In the context of using hydrogels as standalone neural electrodes, enhancing conductivity represents the foremost challenge in current materials development efforts. The conductive of hydrogels relies on the strategic configuration of conductive pathways. For filler-based hydrogels, the selection and distribution engineering of conductive fillers, the integration between these fillers and hydrogel matrix, and the densification of the polymer network all account101. For developing pure CP-based hydrogels and MIECHs, strategies are focused on creating a 3D continuous polymer network through ionic crosslinkers or employing reswelling strategies to dissolve soluble polymeric chains, thereby forming an entangled chain network. Such meticulous design ensures the conductive hydrogels meet the demands of detecting low-amplitude neural signals, while maintaining their mechanical conformability.

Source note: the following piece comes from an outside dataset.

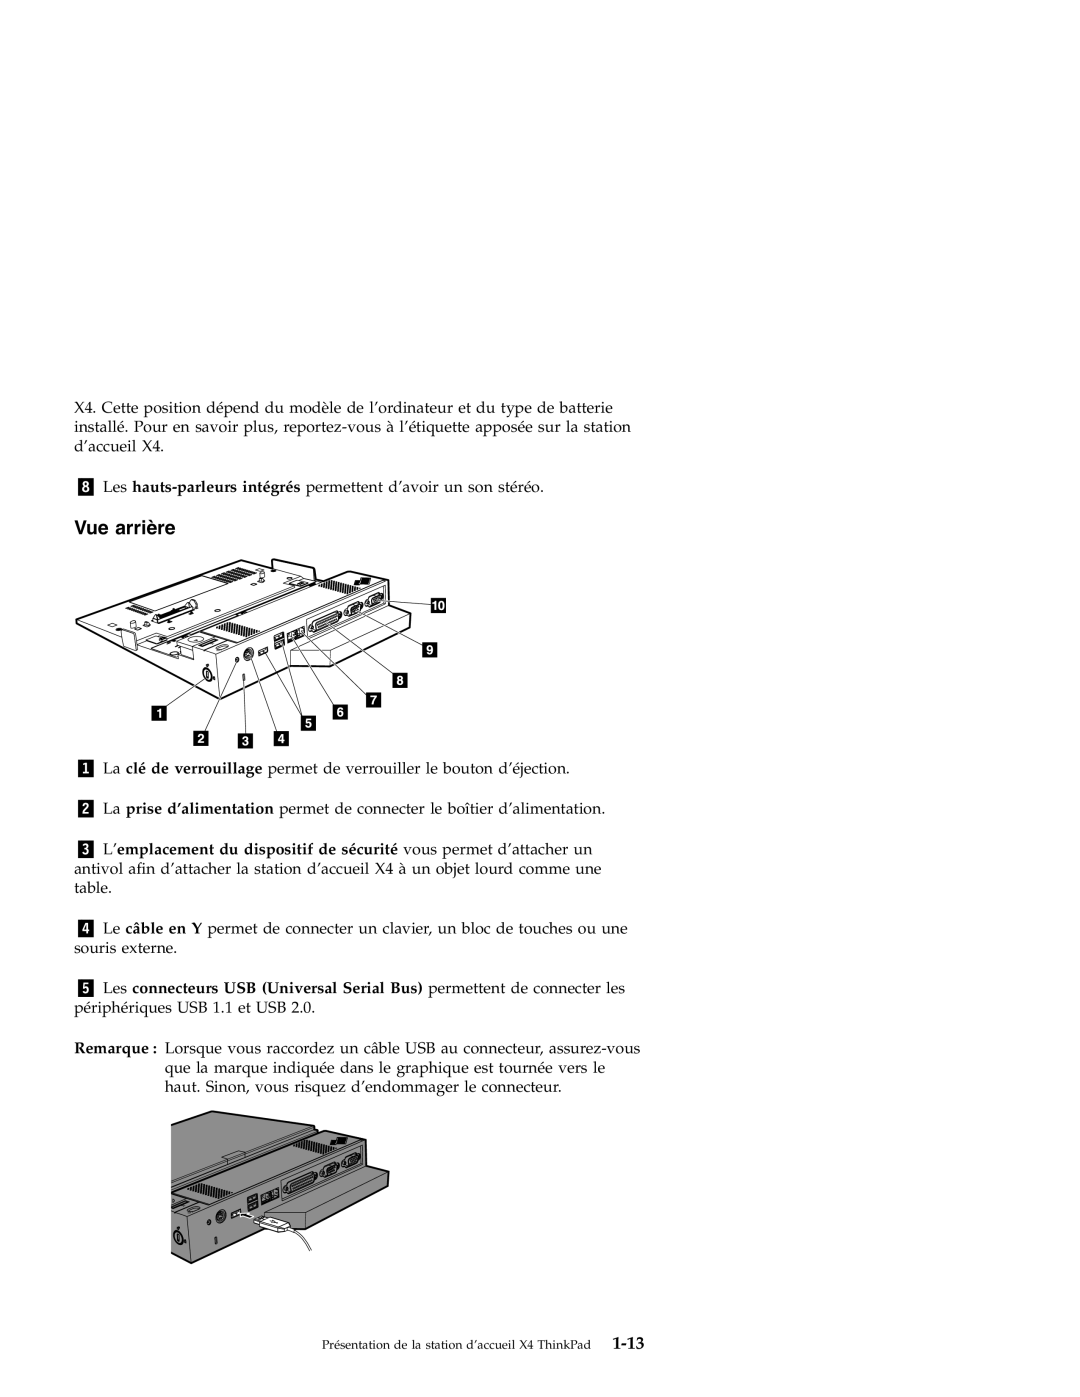 IBM X4 manual Vue arrière 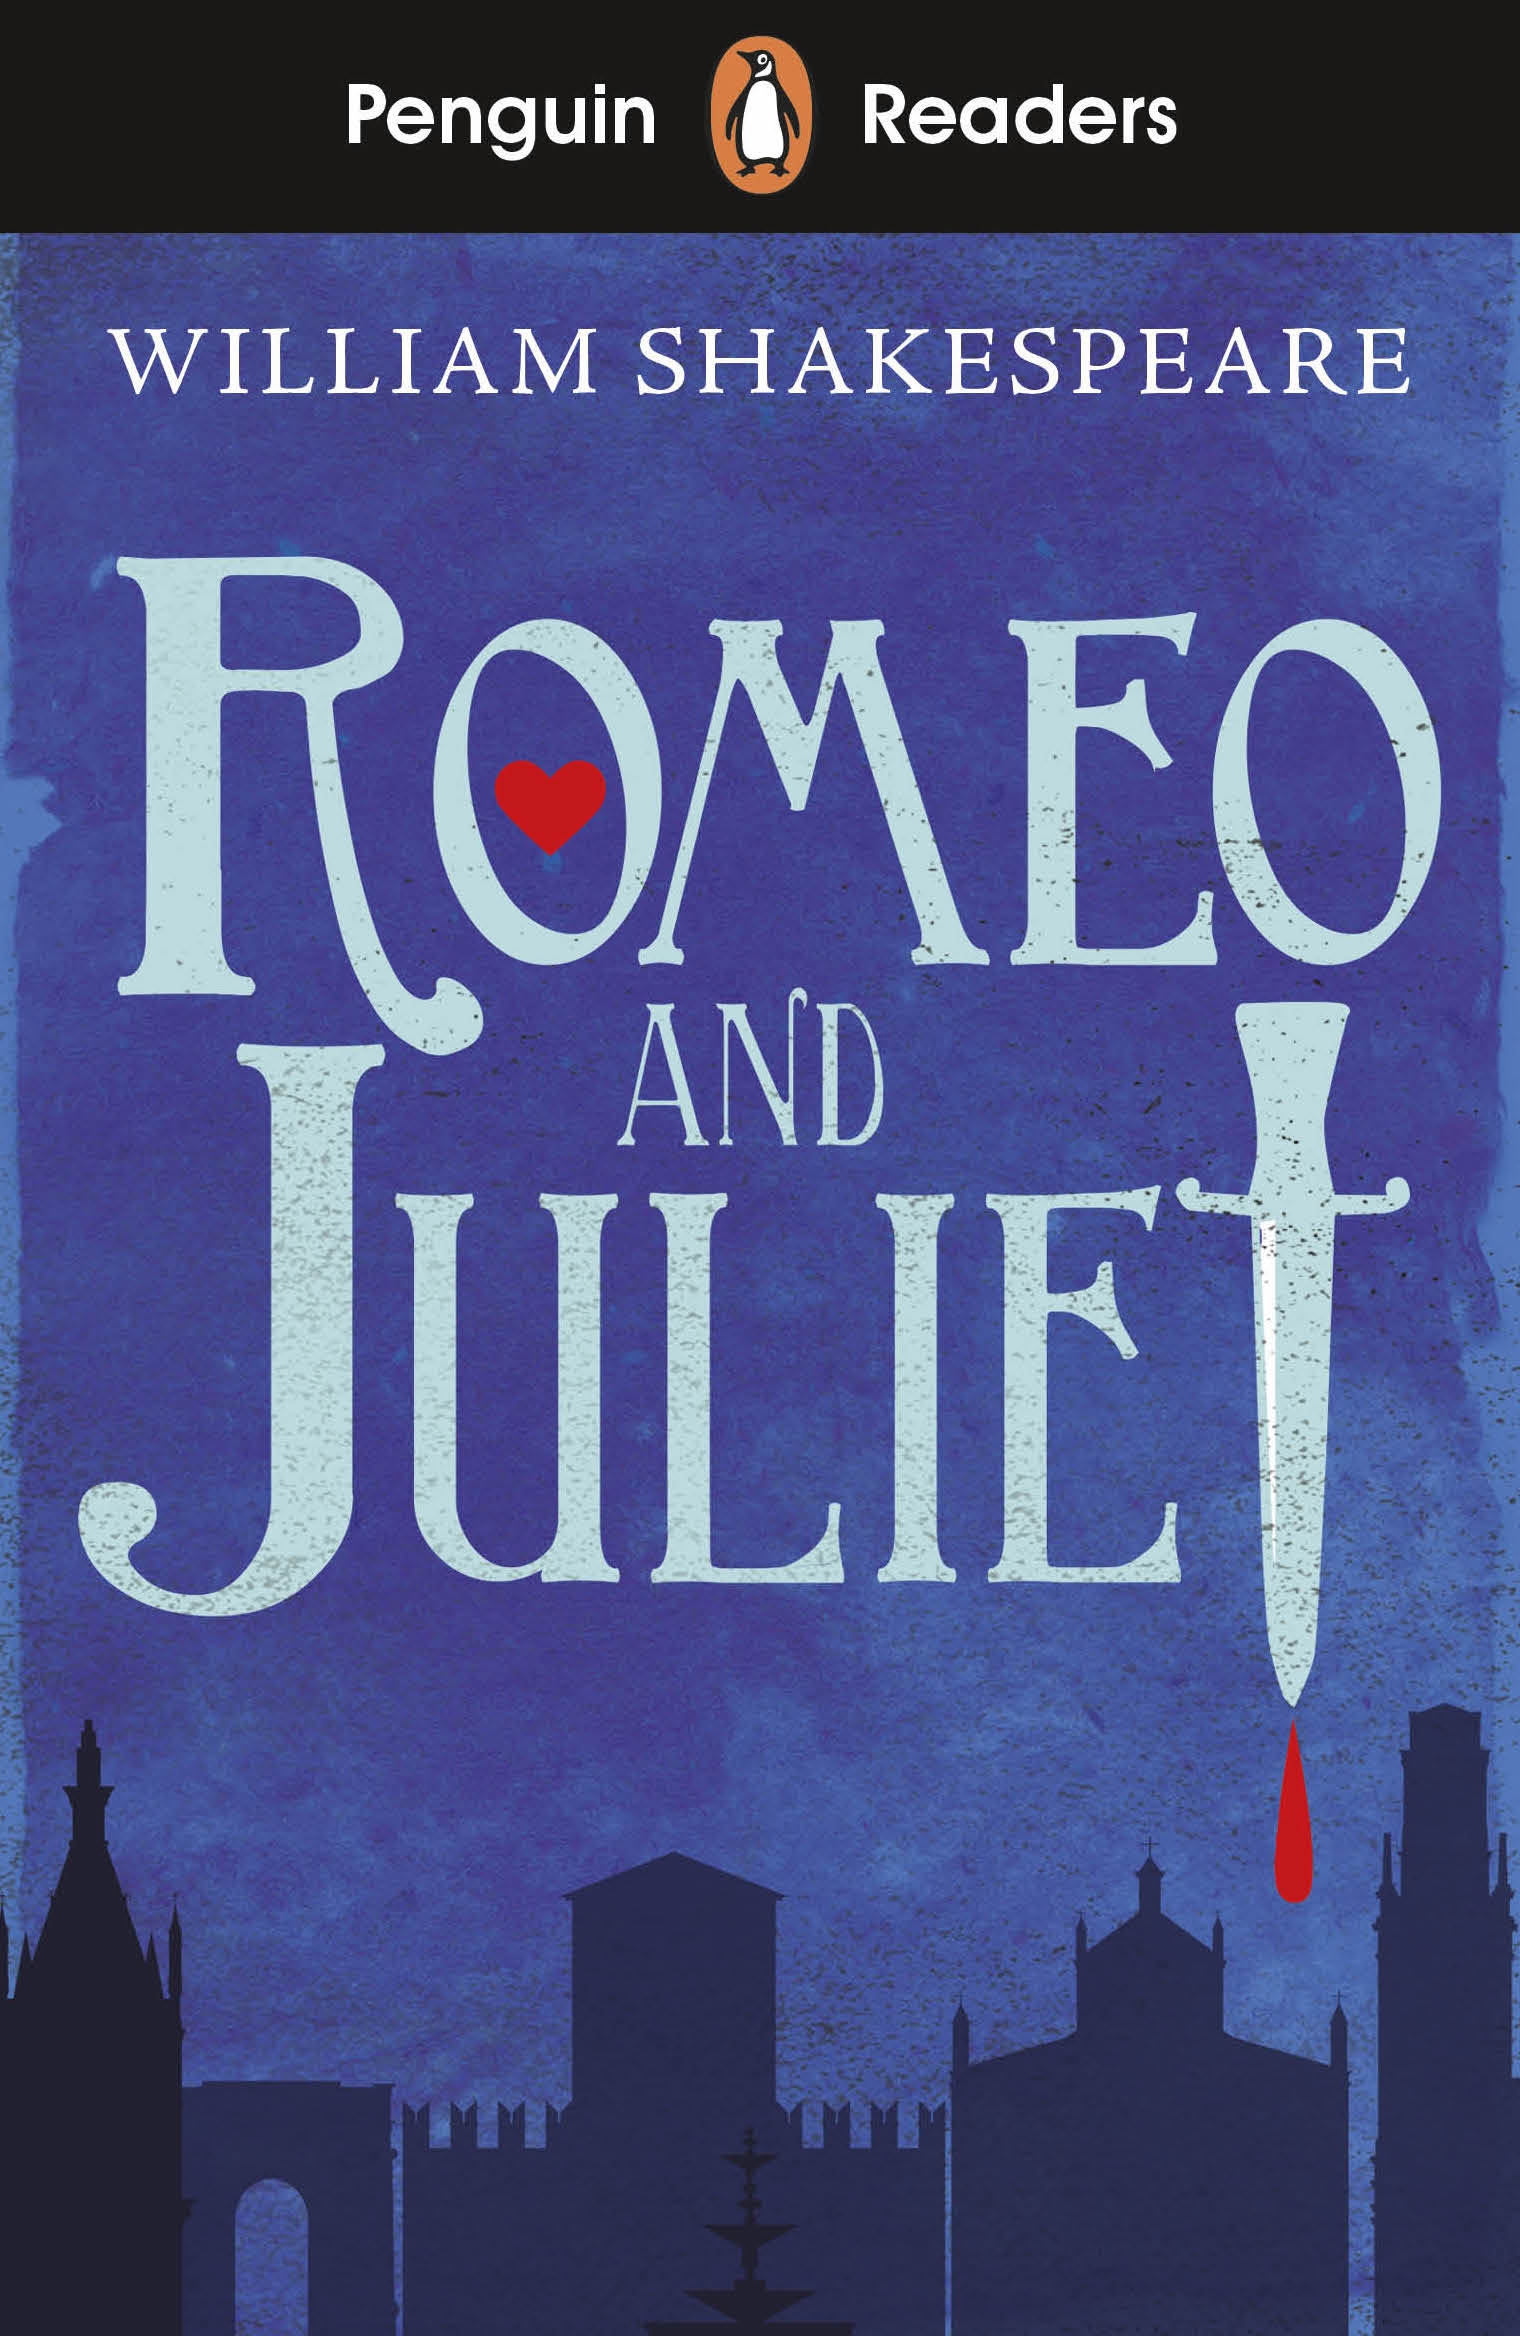 Penguin readers for EAL: Starter Level Romeo and Juliet

To fully exploit the benefits of hydrogels in future neural interfaces, several technical challenges must be addressed including high-throughput fabrication, programmable patterning, and facile integration116. Furthermore, integrating surface ECoG electrodes with deep-brain electrodes could yield extensive insights by correlating the diverse activities and functions within brains, and enable establish closed-loop feedback mechanisms. Research into hydrogel-based deep-brain neural electrodes is still in its preliminary stage. Hydrogel fibers exhibiting adaptive bending stiffness controlled by the hydration states were reported107. Further engineering into vertical multielectrode arrays would offer greater spatial resolution in depth. Looking ahead, there is an increasing need to develop multifunctional neural interfaces capable of high spatiotemporal resolution recording, in-situ processing, and suited for long-term implantation. Leveraging the customizable properties of hydrogels could pave the way for innovative form factors in neural interfaces, creating potential to significantly deepen our understanding of neural networks, and unravel the mysteries of the brain117.